About the Instructors
Professor and Department Chair, Materials Science and Engineering, University of Florida
Michele Manuel is the Department Chair of Materials Science and Engineering at the University of Florida and received her Ph.D. in materials science and engineering at Northwestern University. She uses a systems-based materials design approach that couples experimental research with theory and mechanistic modeling for the accelerated development of materials. Her current research is focused on the use of systems-level design methods to advance the development of new materials through microstructure optimization.
Nikhilesh (Nik) Chawla
Professor of Materials Science and Engineering, Arizona State University.
Nikhilesh (Nik) Chawla is a Professor of Materials Engineering at Arizona State University (ASU) and Director of the ASU interdisciplinary Mechanical Behavior of Materials Facility. Chawla received his doctorate from the University of Michigan. His research interests encompass the mechanical behavior and modeling of advanced materials at bulk and small length scales, including Pb-free solders, metal matrix composites, biocompatible coatings, metal-ceramic nanolaminates, and powder metallurgy alloys.

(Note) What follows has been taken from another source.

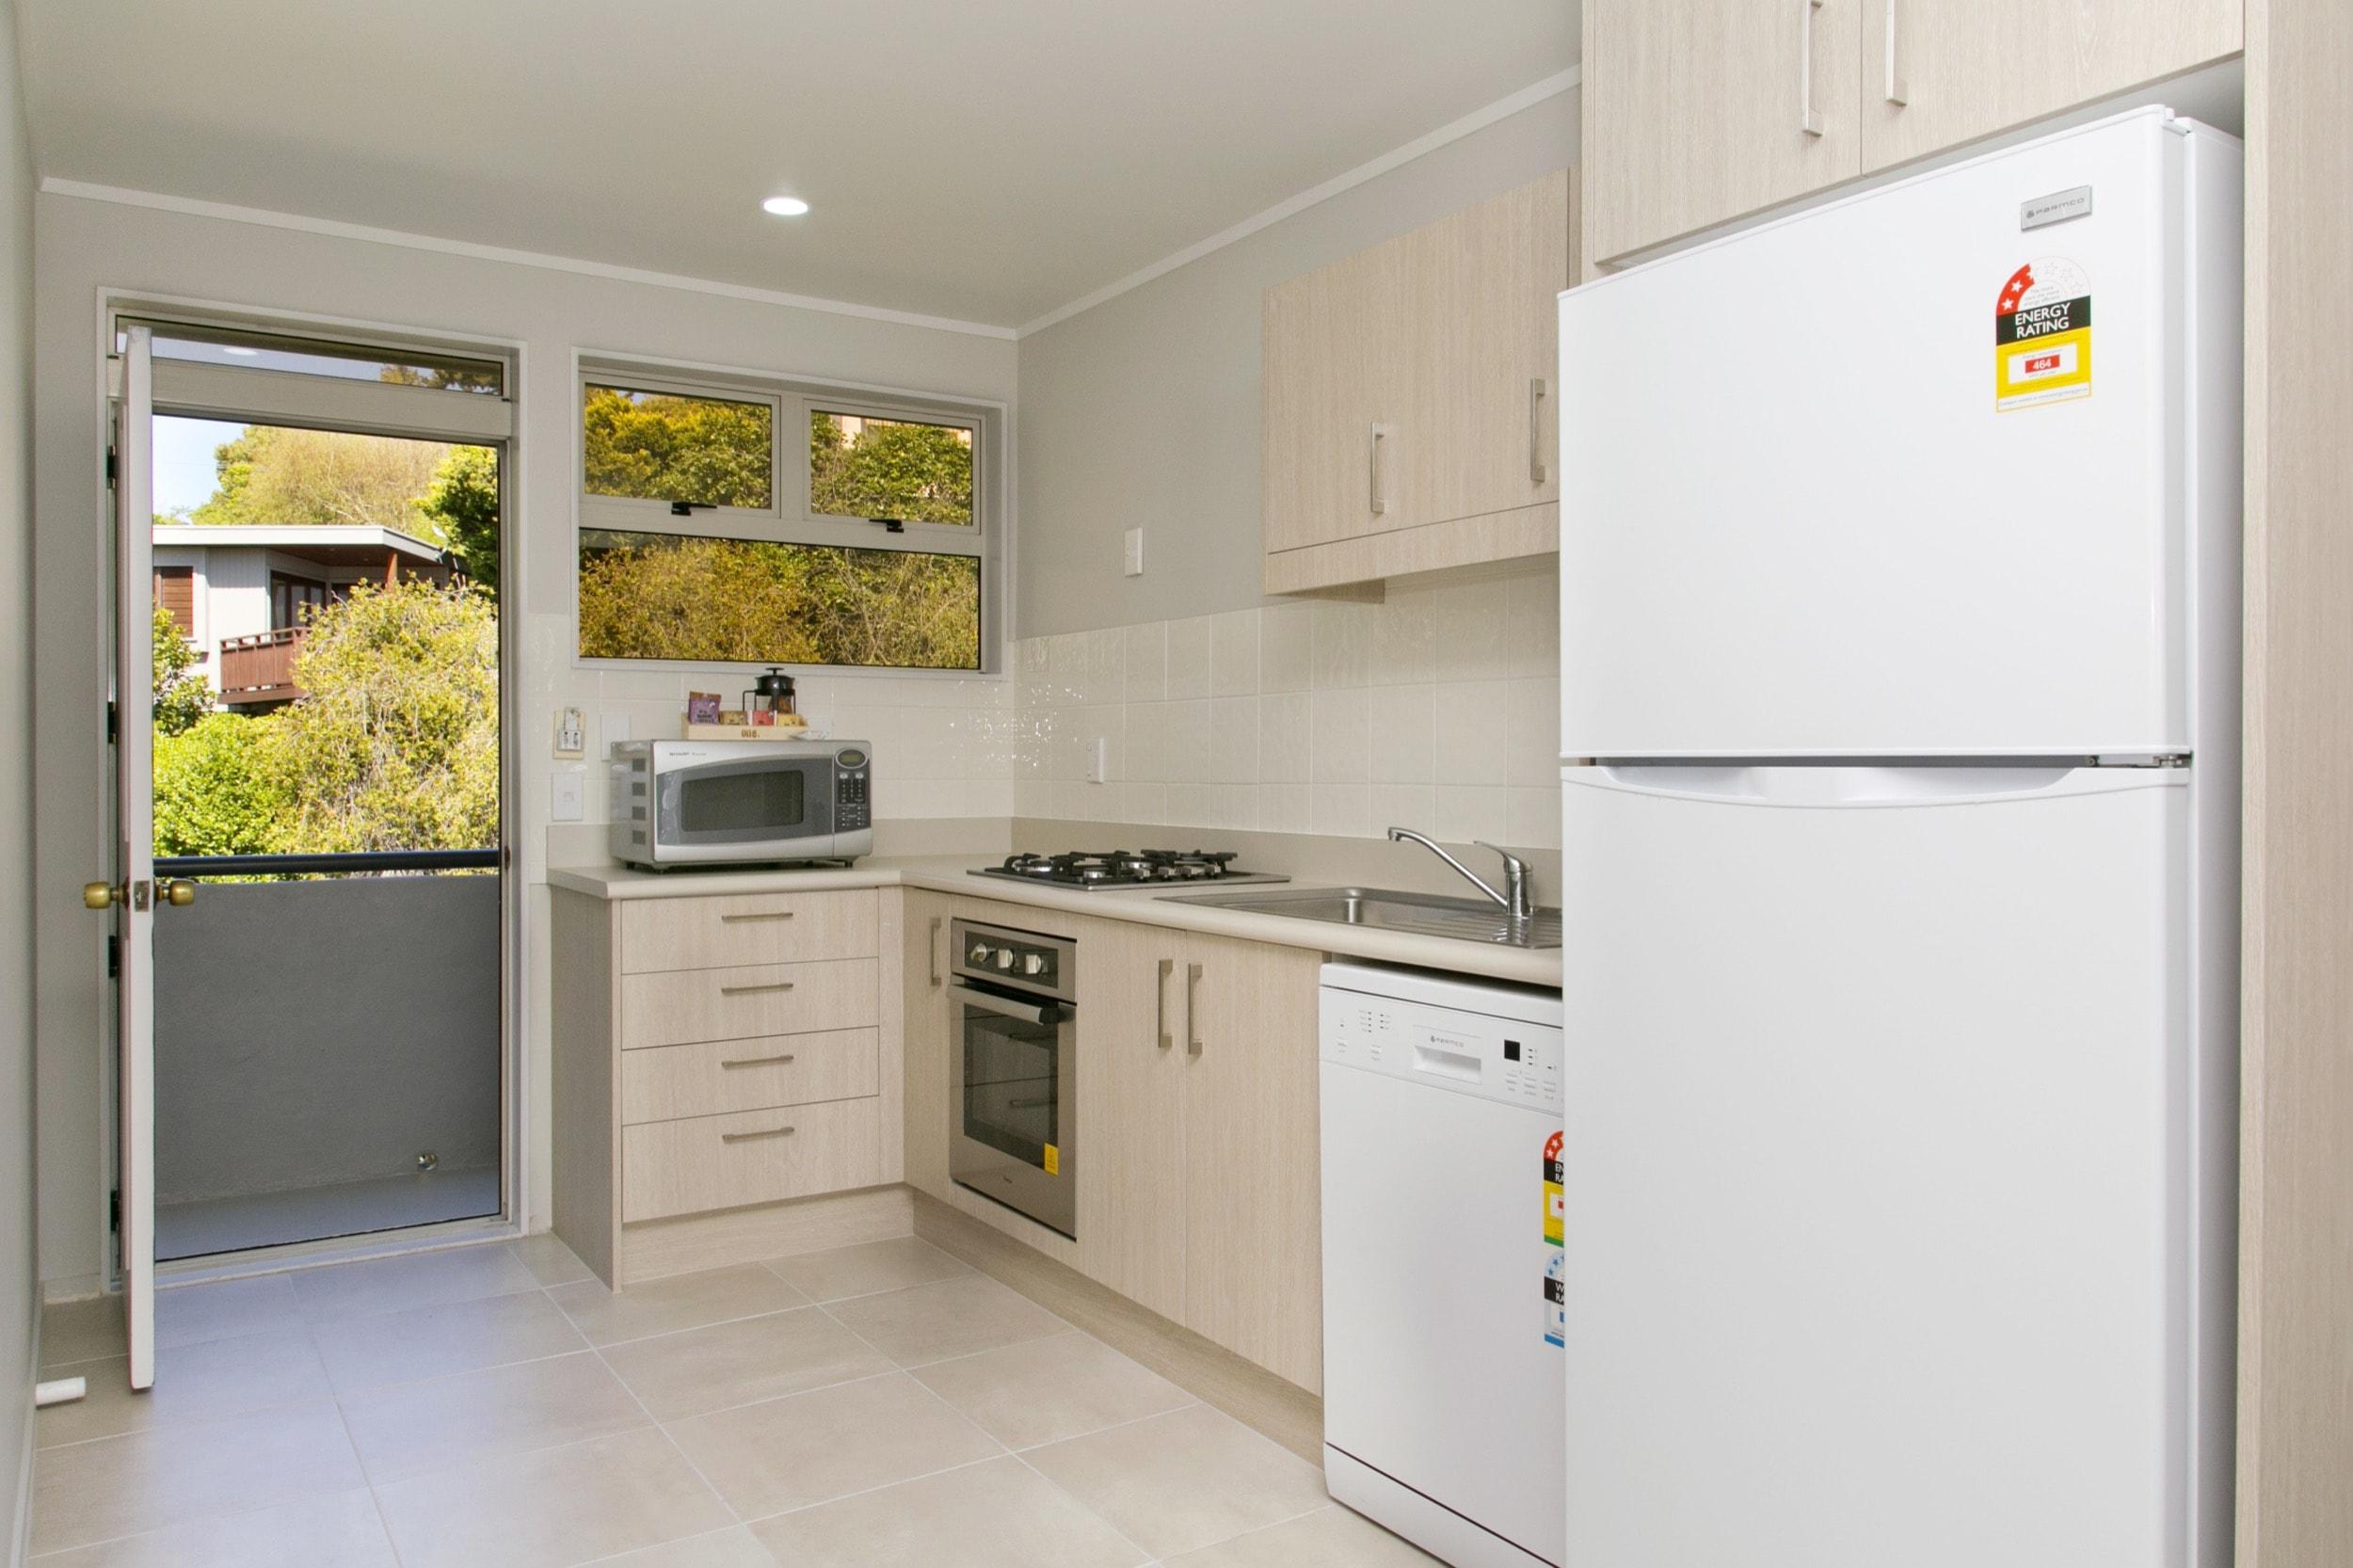 three bedroom kitchen-min.jpg
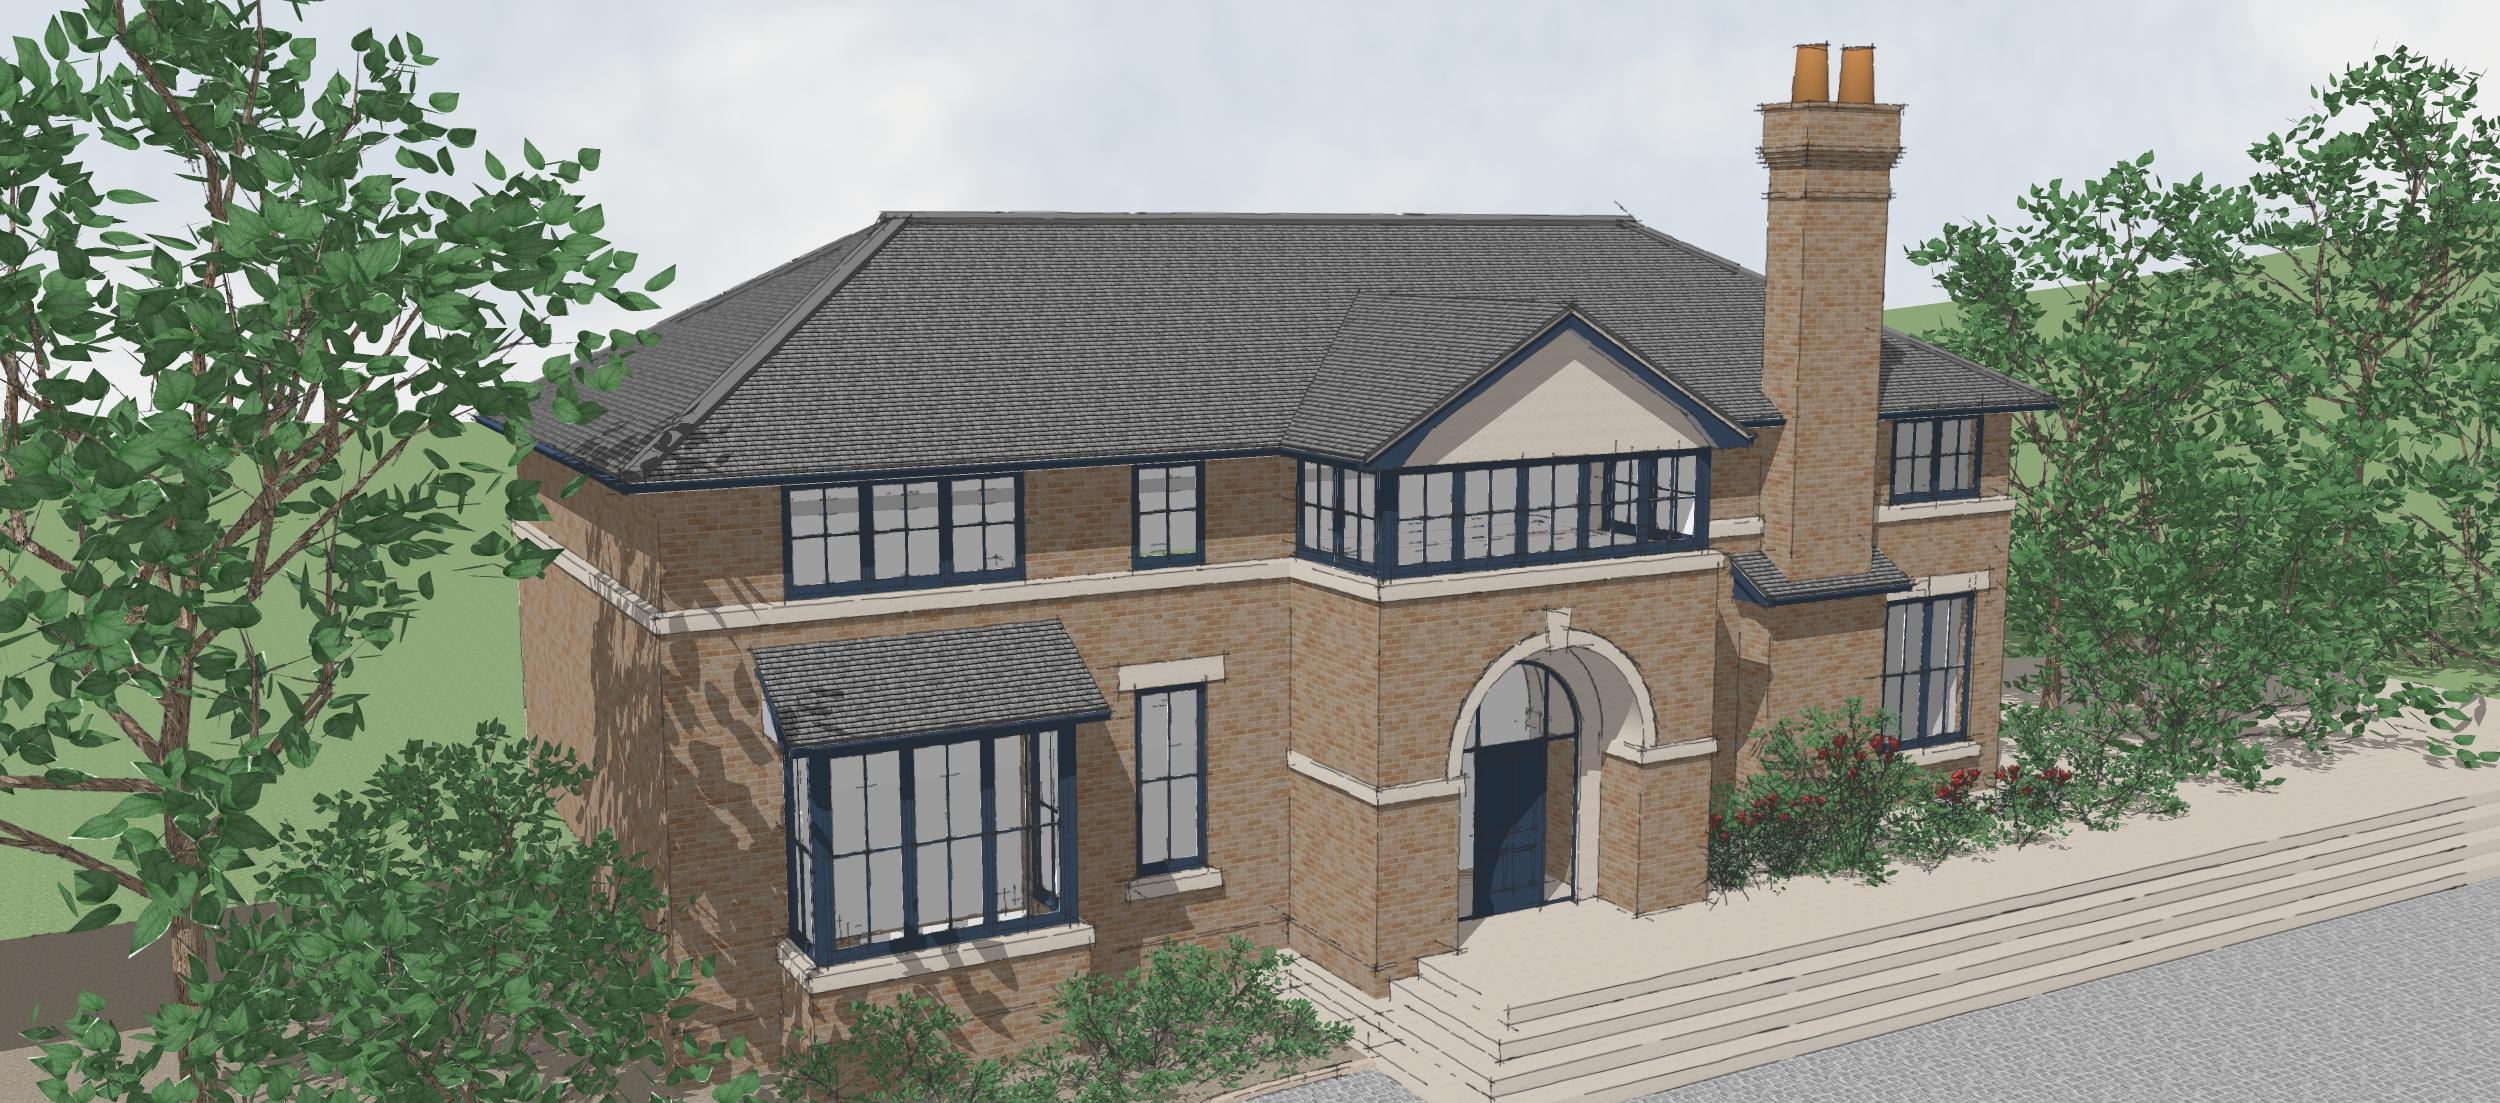 New house, Sevenoaks, Kent

Associate Professor and Associate Chair of Materials Science and Engineering, University of Utah.
Taylor Sparks joined the Materials Science and Engineering Department at the University of Utah as an Assistant Professor in 2013. He completed his MS in materials at the University of California, Santa Barbara and his PhD in applied physics at Harvard University. He is currently the Director of the Materials Characterization Laboratory at the University of Utah and teaches classes on ceramics, materials science, characterization, and technology commercialization. His current research centers on the discovery, synthesis, characterization, and properties of new materials for energy applications.